I arrived in Washington last January knowing that I wanted to lead with principle and civility. During my 28 years serving in the Florida Legislature, I learned that leadership is sometimes best demonstrated by example.

That's why this week, I did two "little" things that I hope will have a BIG result:

I returned $4,700 to the U.S. Treasury from my Congressional salary, rolling it back to the 2008 level. I recognize that most Americans are working hard without any substantial raises during this difficult economic time and I don't believe Congress should be any different. Many policies to cut spending involve rolling back programs to the 2008 level.

I returned $453,000 from my annual office budget to the Congressional coffers. Each year, congressional offices are given a lump sum budget for staff, office space and supplies. Most Americans are doing more with less these days, and our office did the same -- and cut our budget by more than 31 percent.

You sent me to Washington to work for greater accountability and stronger leadership, and I've realized that in order to break the U.S. Government's addiction to spending, we must get our own fiscal houses in order before we tear down the walls of the other government programs.

Check out Sunday's Orlando Sentinel, which highlighted our office savings by naming me "Champ of the Week"

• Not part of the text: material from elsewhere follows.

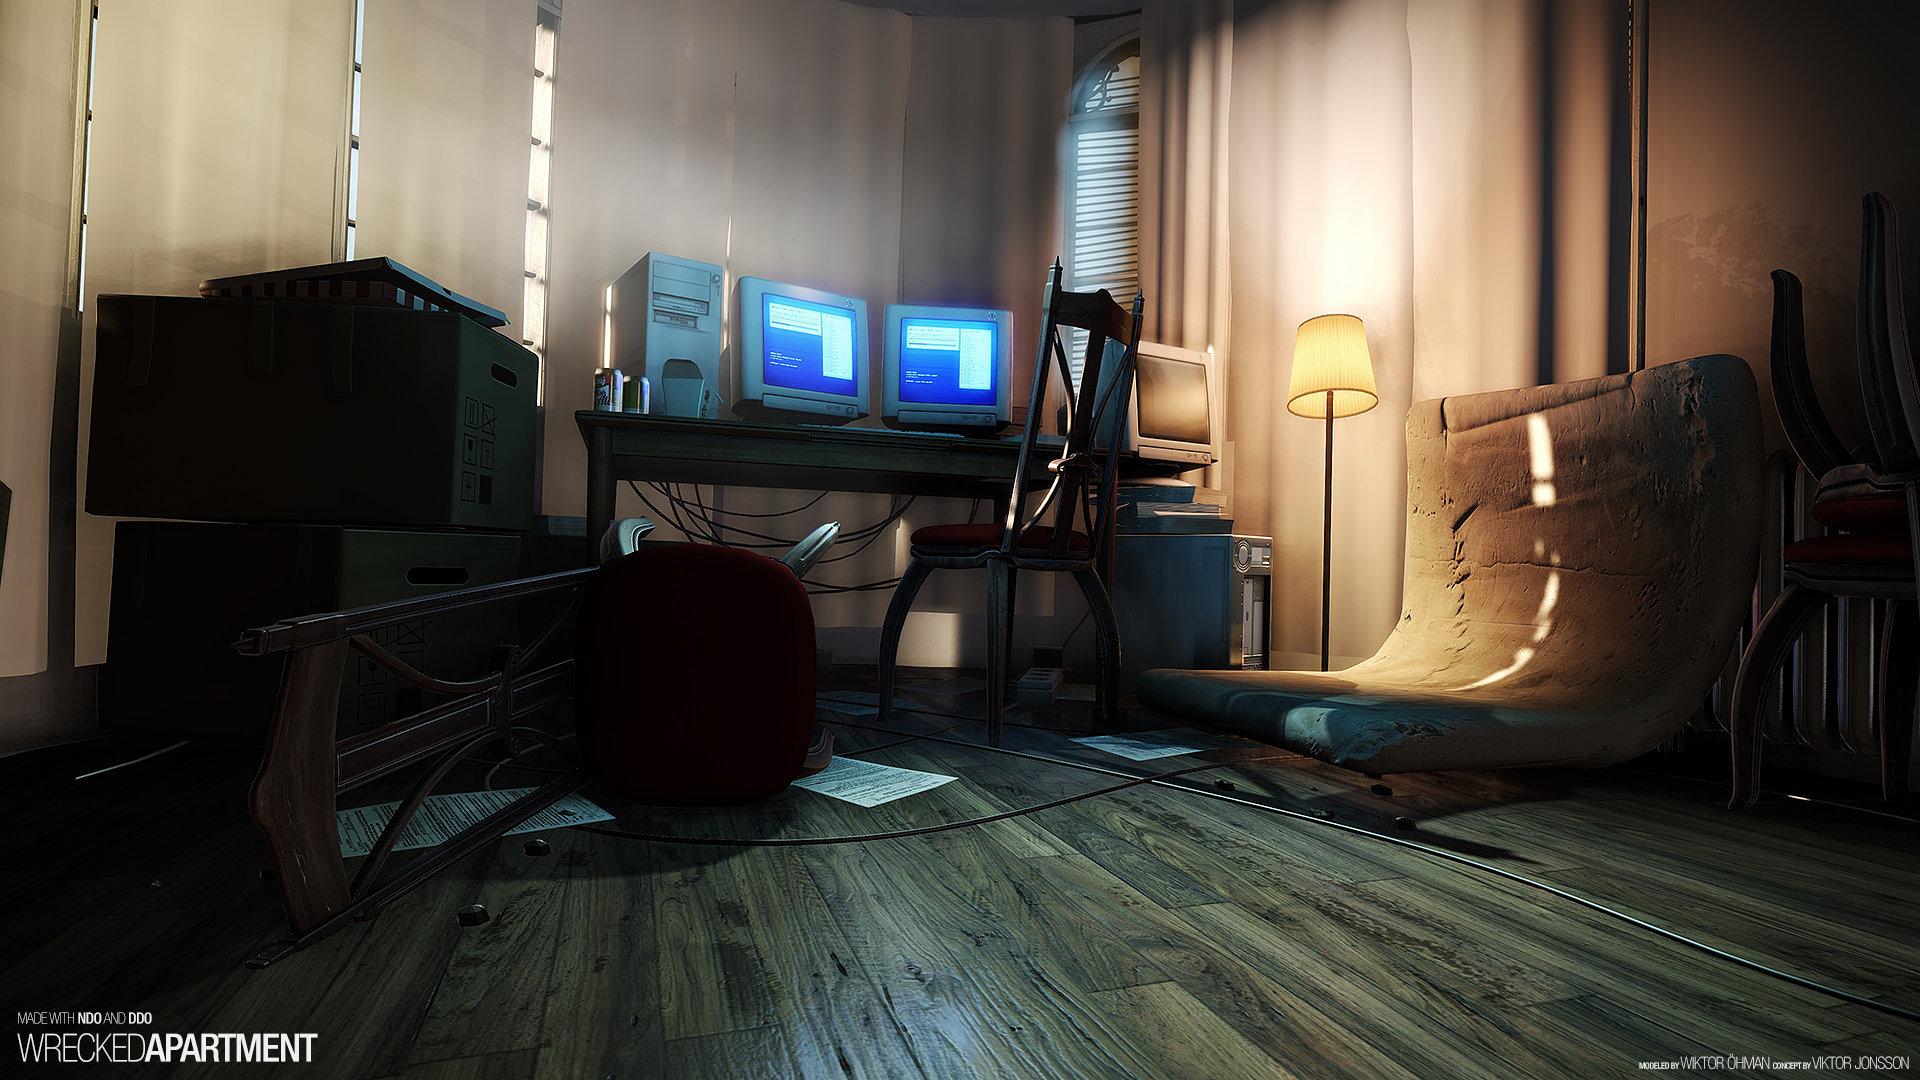 Wrecked Apartment (NDO & DDO)

View a clip of my interview on CNN with Soledad O'Brien yesterday morning regarding my return of funds

I recognize that my combined savings, though a sizable amount, are merely a drop in the bucket compared to the enormity of our debt crisis. However, I know that changing the culture of Washington can only begin if individuals have the courage to take a stand.

Consider how much we could cut if we multiplied my savings by the many offices, departments and agencies throughout Washington. If we all tighten our belts and work together for the common good, we can begin to turn our debt crisis around.

By being a good steward of your tax dollars, I also intend to be a good steward of the trust you placed in me last fall. Though I am often frustrated with the partisan gridlock and endless bureaucracy that saddles Washington, I am continually humbled to be in this historic place and work hard to serve Americans.

Rest assured, it is my mission to change the culture of Congress, one step at a time. I will continue to fight for a future that is full of opportunity, and undaunted by the weight of generational debt.